After a breakfast and several gallons for coffee we hit the road to a sheep farm about a hour and a half away. Arrive Just as it gets light enough you can see the nose on your face. Trucks temp read out says 12F, so glad I put on my medium weight long johns. Climb out of the truck and start putting our camo on as the farmer comes out the door. He said he would be a minute and would be around to give us a lift part way back . We say no thanks as we have our packs, rifles and such and the cab of a MF 1105 is not all that big.

One thing the snow has melted down to just a couple inches deep in some spots but mostly frozen mud. I’m happy as I still have not found the pattern for my ski binding, Knew I should have copied it to a flash drive.

Work our way back to a finger field surrounded by woods. Nice stone pile not far from the edge of the field, presume some time in the past there was a stone there that could not be moved with the equipment of the day so a stone pile formed there. We set the decoys out on either side Decide we would go with one caller and use the distressed piglet sound. Saturday was over cast all day and not overly warm but today by the time we were set in place the sun was just starting to peek over the tree line.

The call had only been going a short time when 5 deer come out of the woods to our left and walk single file along the fence to our front to a bald hill top to browse on the grass. The callers sound has them uneasy how ever as they kept looking at the decoy set not far from the caller. They do not stay long and enter the woods near by.
After a half hour of calling we had seen nothing but deer so wait a bit and pack up to go.

Back at the truck the farmer has just put the tractor away after seting out a round bale for the sheep. Tells us he has not heard a coyote in close to a month, laughs and says we have did a good job cleaning them out of the area. We tell him to not be holding his breath as the coyotes will be back and maybe soon, just the way they are now here in lower Michigan.
Say our good byes and leave.

Drive about 10 miles where we hit a beef farm and have got a lot of coyotes. Is the first farmer who called asking us to do some thing about the bold coyotes that had been getting in the feed bunks eating grain. Sun is up now, we could feel it starting to warm up still glad we had long johns on as the truck read out still was not to 20F yet. We walk back to a fence line with a rise where we can set up across from a slough full of multa flora rose. Decided to go with two callers and clip turkey feathers to the decoy so it looks bigger. Go with the cat sound in one caller to start after Dean has a happy coyote family sound going.

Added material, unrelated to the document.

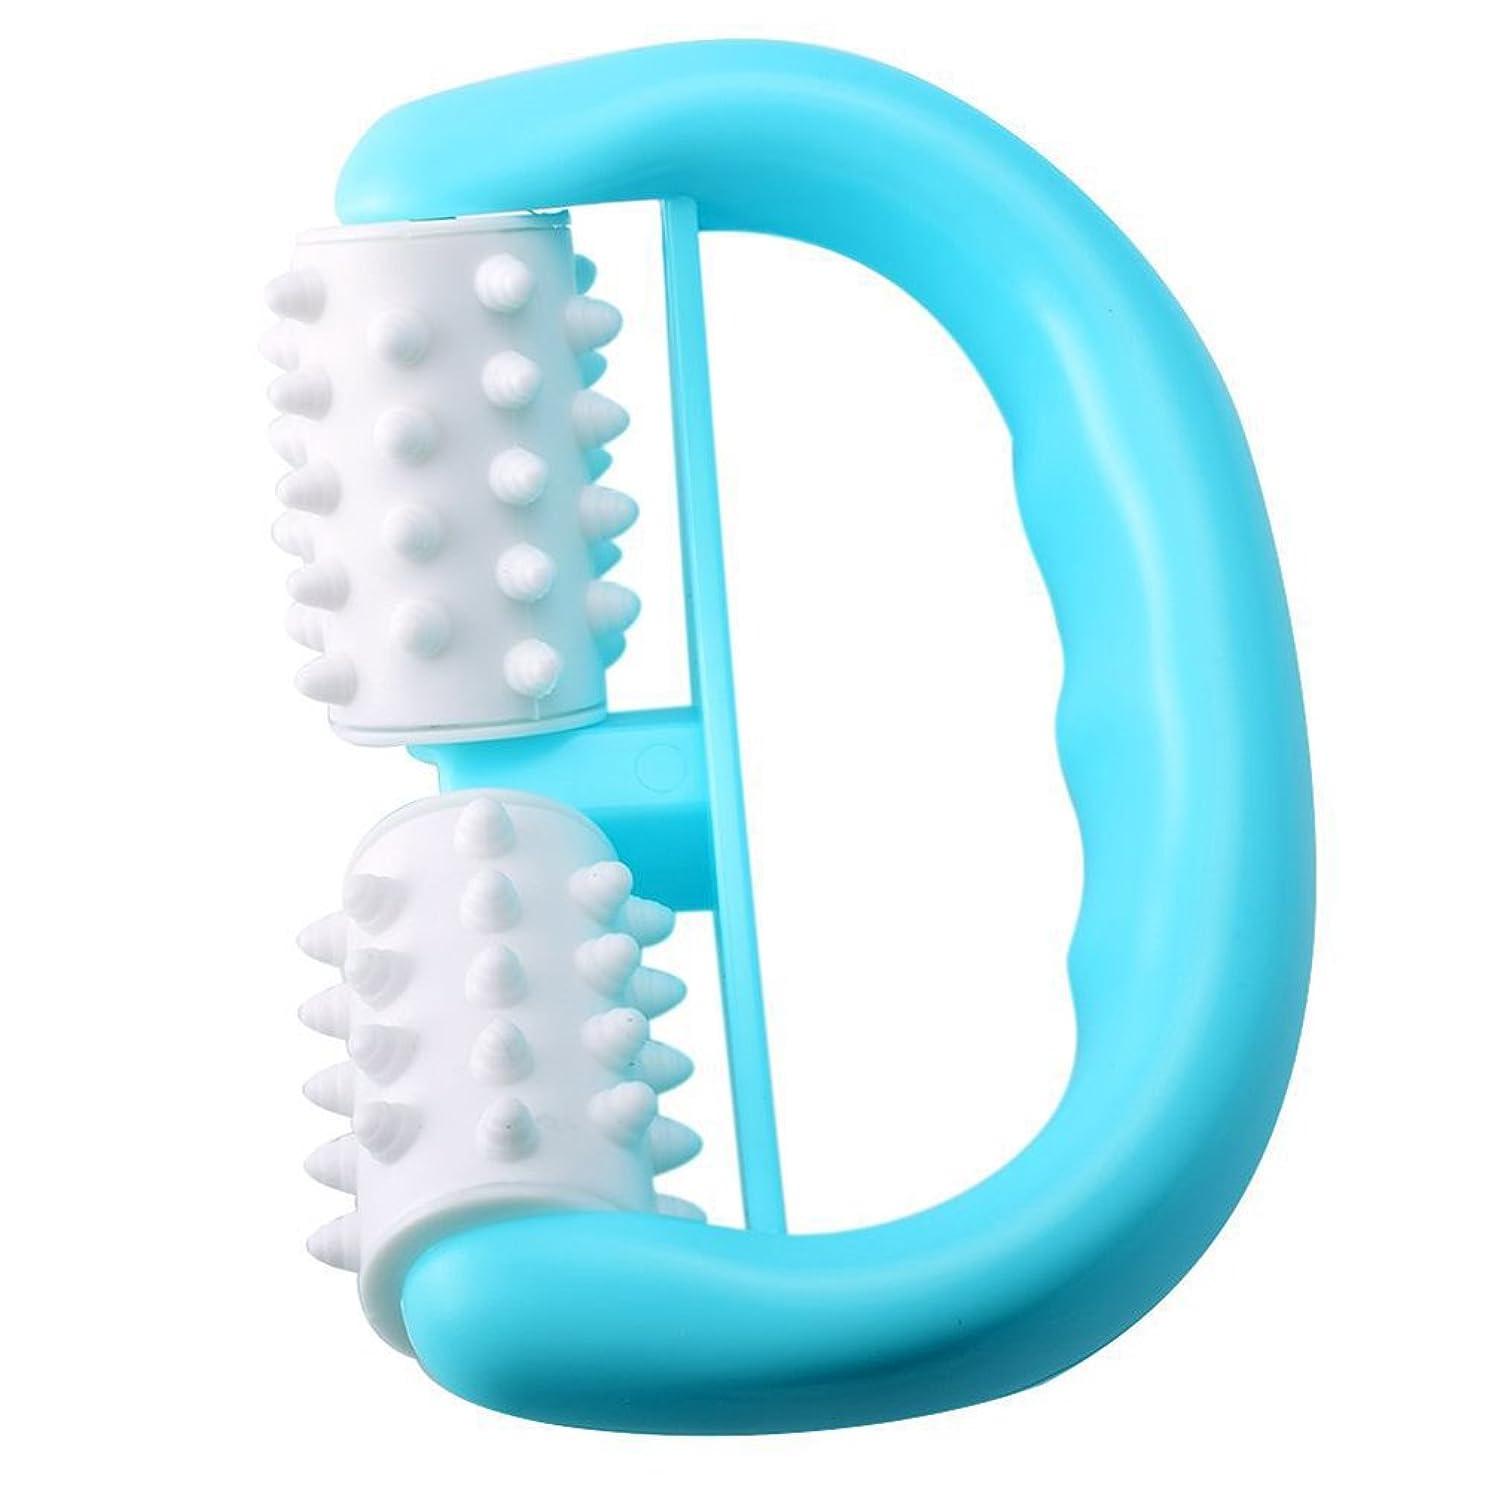 損なう故国膨らみROSENICE セルライトマッサージャー深部組織筋筋肉解放ツールボディセラピーマッサージファットブラスター(青)

At 5 minutes nothing has shown and the cats disagreeing kicks in, that did the trick as a coyote comes tearing out of that slough bee lining for the decoy. Is Deans zone so I am waiting for him to fire and when he does it still made me jump. In case you wondered we do wear those foam ear plugs, light to carry and work well. Wait a bit to see if any others show, nothing does.
It is a big old tooth worn male shows signs of mange so it gets drug over to the fence and pushed under to feed other critters.

We hit two other farms with no luck be fore we decided to go grab some lunch. The plan was to make a day of it. Tempture had climbed to 31F sun shining bright and snow slushy.

 Al


----------



## esshup (Mar 15, 2018)

Any day that there is one less coyote is a good day!!


----------



## alleyyooper (Mar 16, 2018)

*Sunday Sunday part 2*

We had did a total of 5 farms and gotten 1 coyote when we decided to go have dinner.

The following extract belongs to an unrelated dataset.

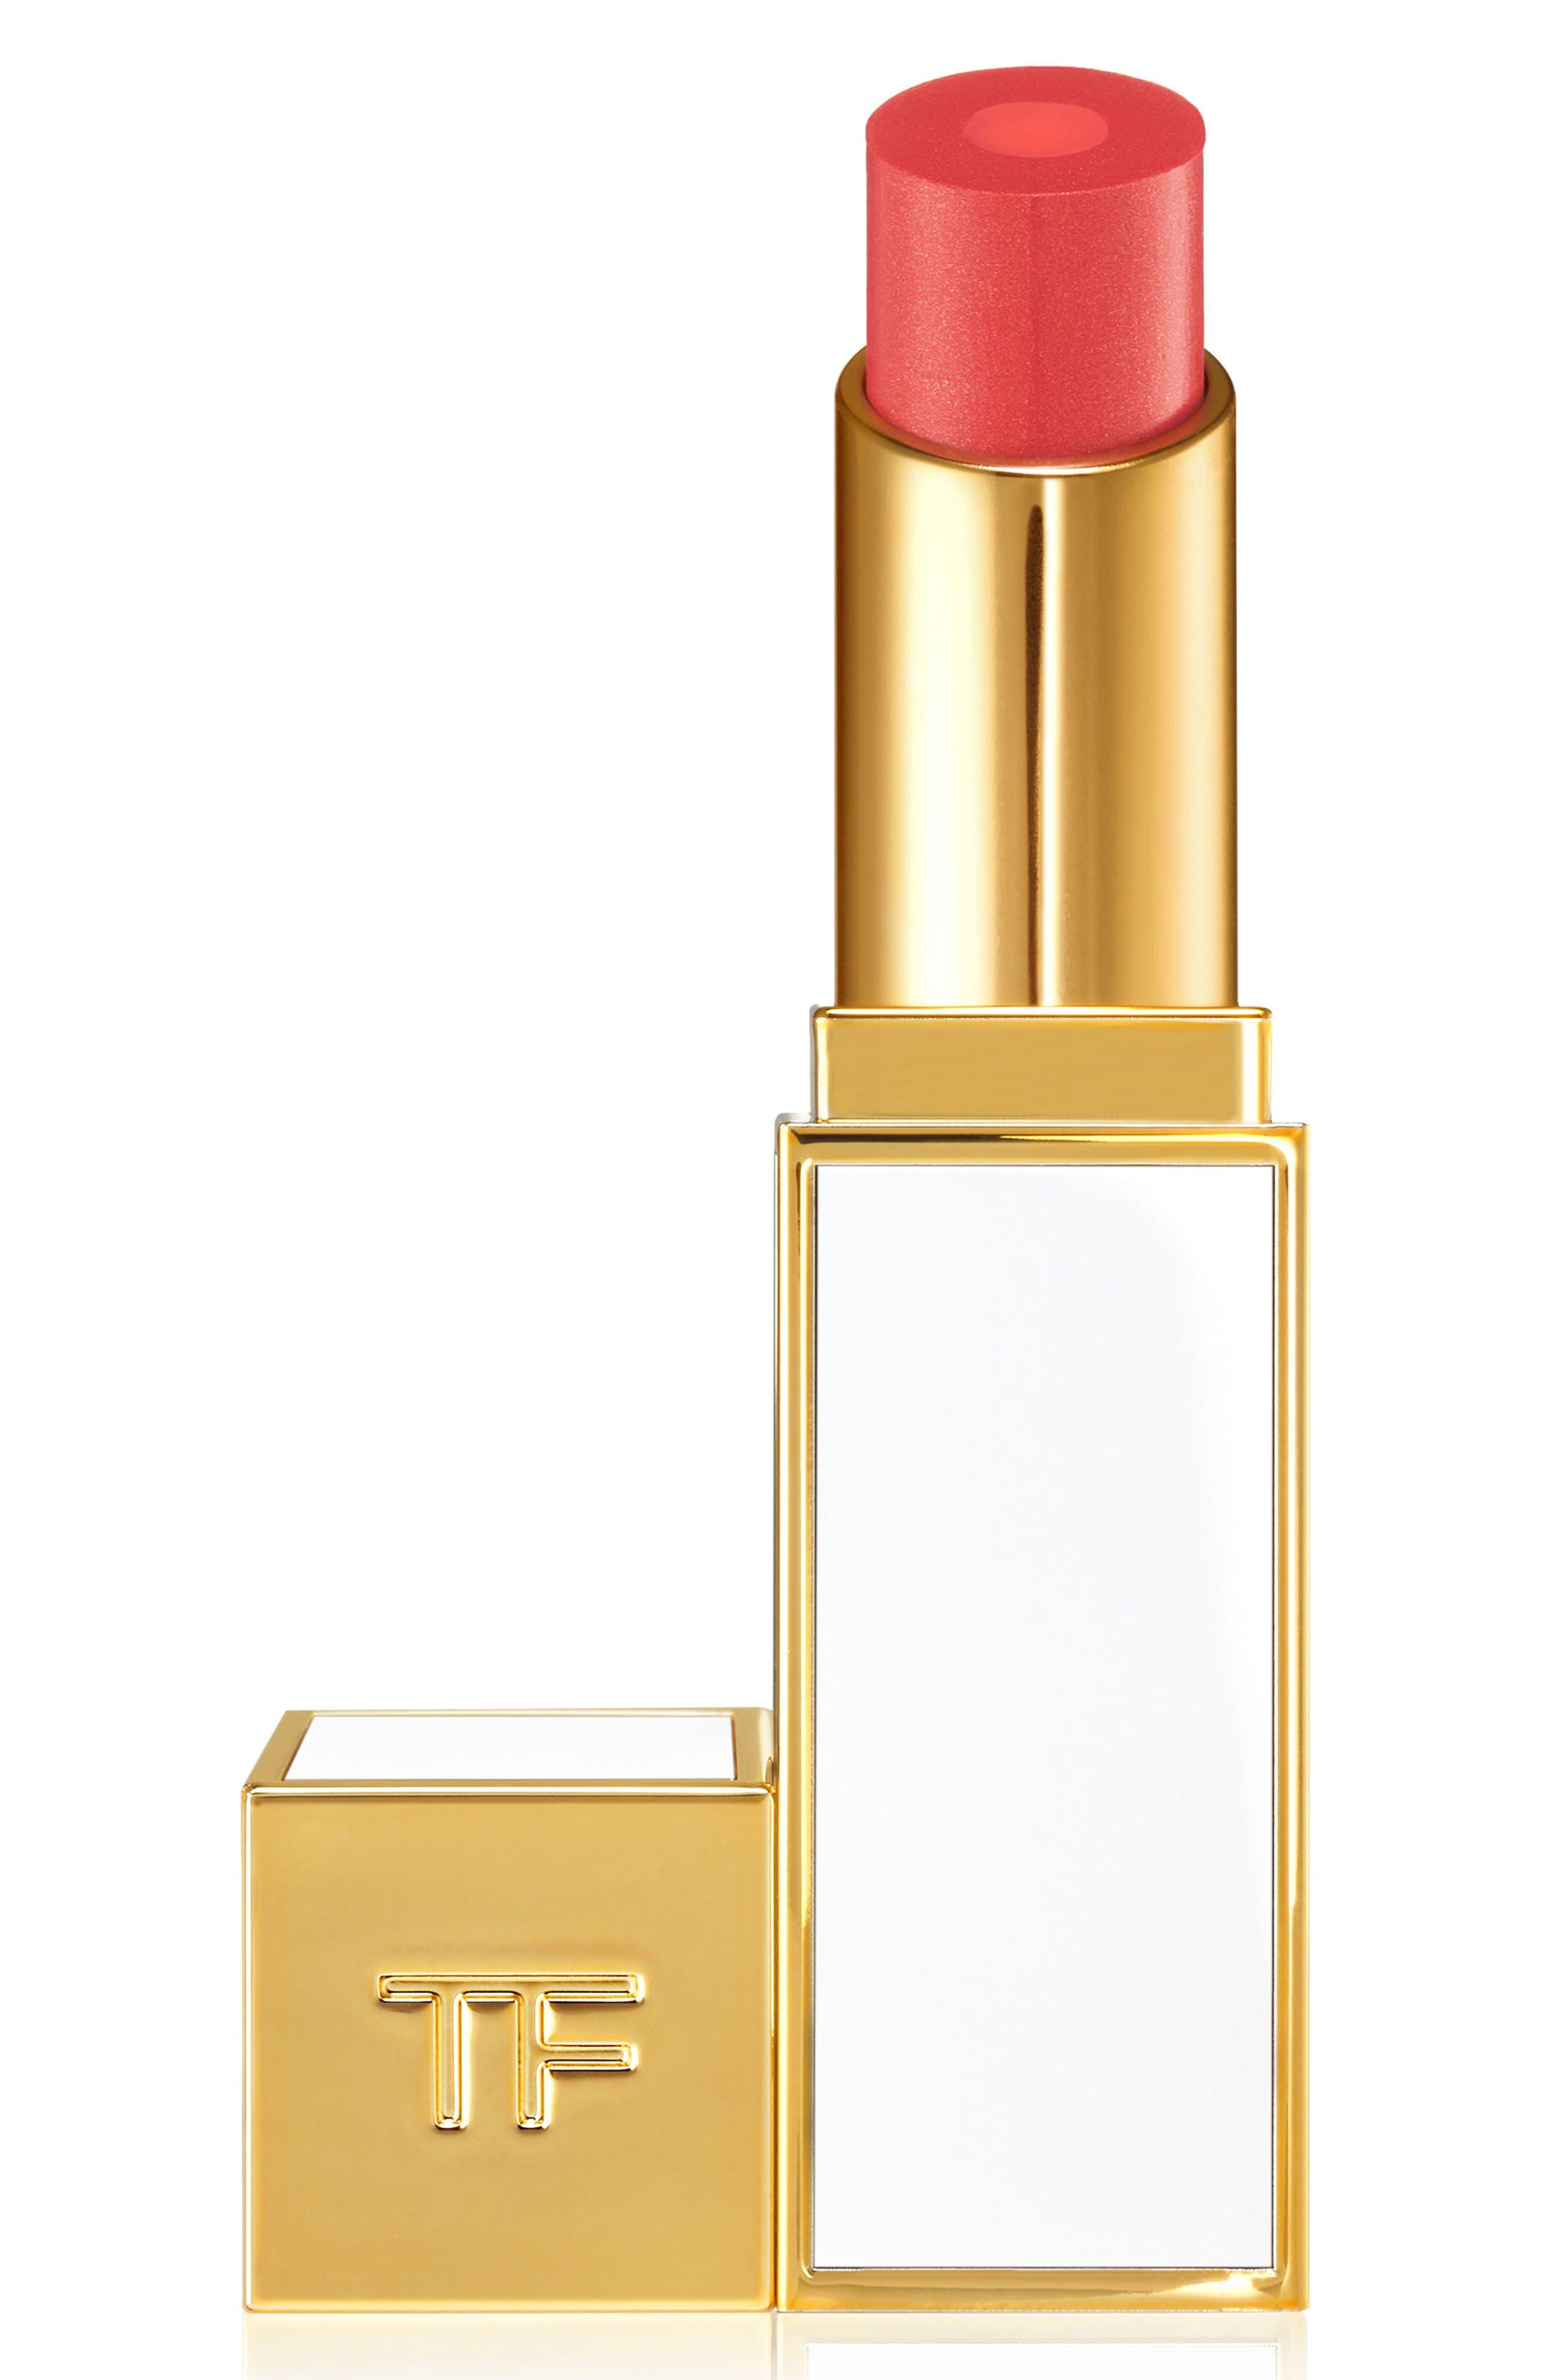 Tom Ford 'Moisturecore' Lip Color

Drove to Donna’s Deluxe Dinner at outer Mongolian about half way between you are here and we were there.


We both decided to by pass the Sunday afternoon beef pot roast and had the hot pork sandwich. This thing is a good half inch of home made buttermilk bread piled with sliced pork loin another half inch slice of bread smothered in pork gravy. Mashed potatoes also smothered with pork gravy, a side of a vegetable either green beans with bacon or niblet corn, along with all the coffee or ice tea you could drink.


Walked out of the place with good luck wishes form our favorite girls, country raised each and every one.

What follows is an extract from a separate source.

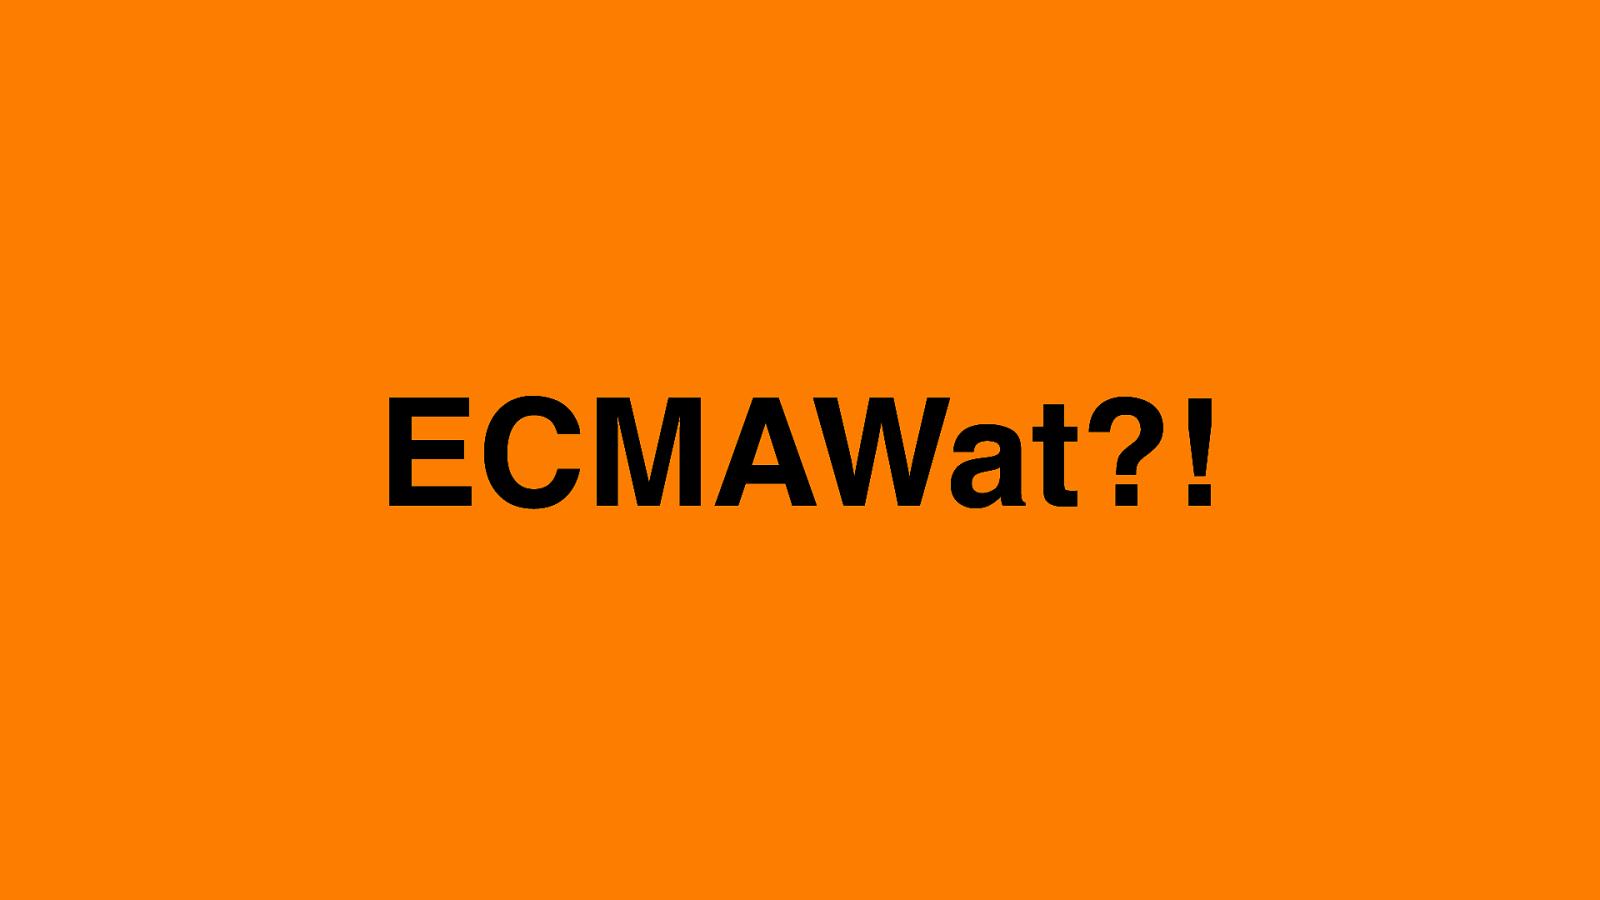 ECMAWat?! (Dutch)

Both of us were wanting to get some place quick and walk off some of the weight in our bellies.

About 5 miles down the road we come to another beef farm operation we hunt. Trucks temp read out said 33F and the sun was really bright with a cloud less sky. Walking back to where we are going to set up you wanted to be careful as the mud was very slippery. We set up in a narrow strip of woods beside a drainage ditch that joined 3 others just a short distance away. We didn’t set out a decoy here as we have never figured a good way to do so in the past.


Get the arguing kitty cats sound going on the caller and isn’t 15 minutes till we see a pair of coyotes sneaking along the far drains edge. Is a impossible shot for me so I sign to Dean to take both, he fires boom boom and one coyote is down for good and the other is trying to get away but it’s back legs won’t work so well then it lays still.


We wait just as normal then walk to the coyotes I look at the one that had tried to get away and it was dead so I cut a V near the tip of the ear. Dean gave me shrug like what are you doing, I sign I will let him know back at the truck. We pack our gear and wrap the coyotes up and head back to the truck. Once there I tell Dean I would like to know where you hit that coyote and the bullet path, I have never ever seen a coyote do much more that kick a few times where it lays when you shoot it. So not to get it mixed up with the others I cut the notch, you can have the next nice hide coyote I shoot.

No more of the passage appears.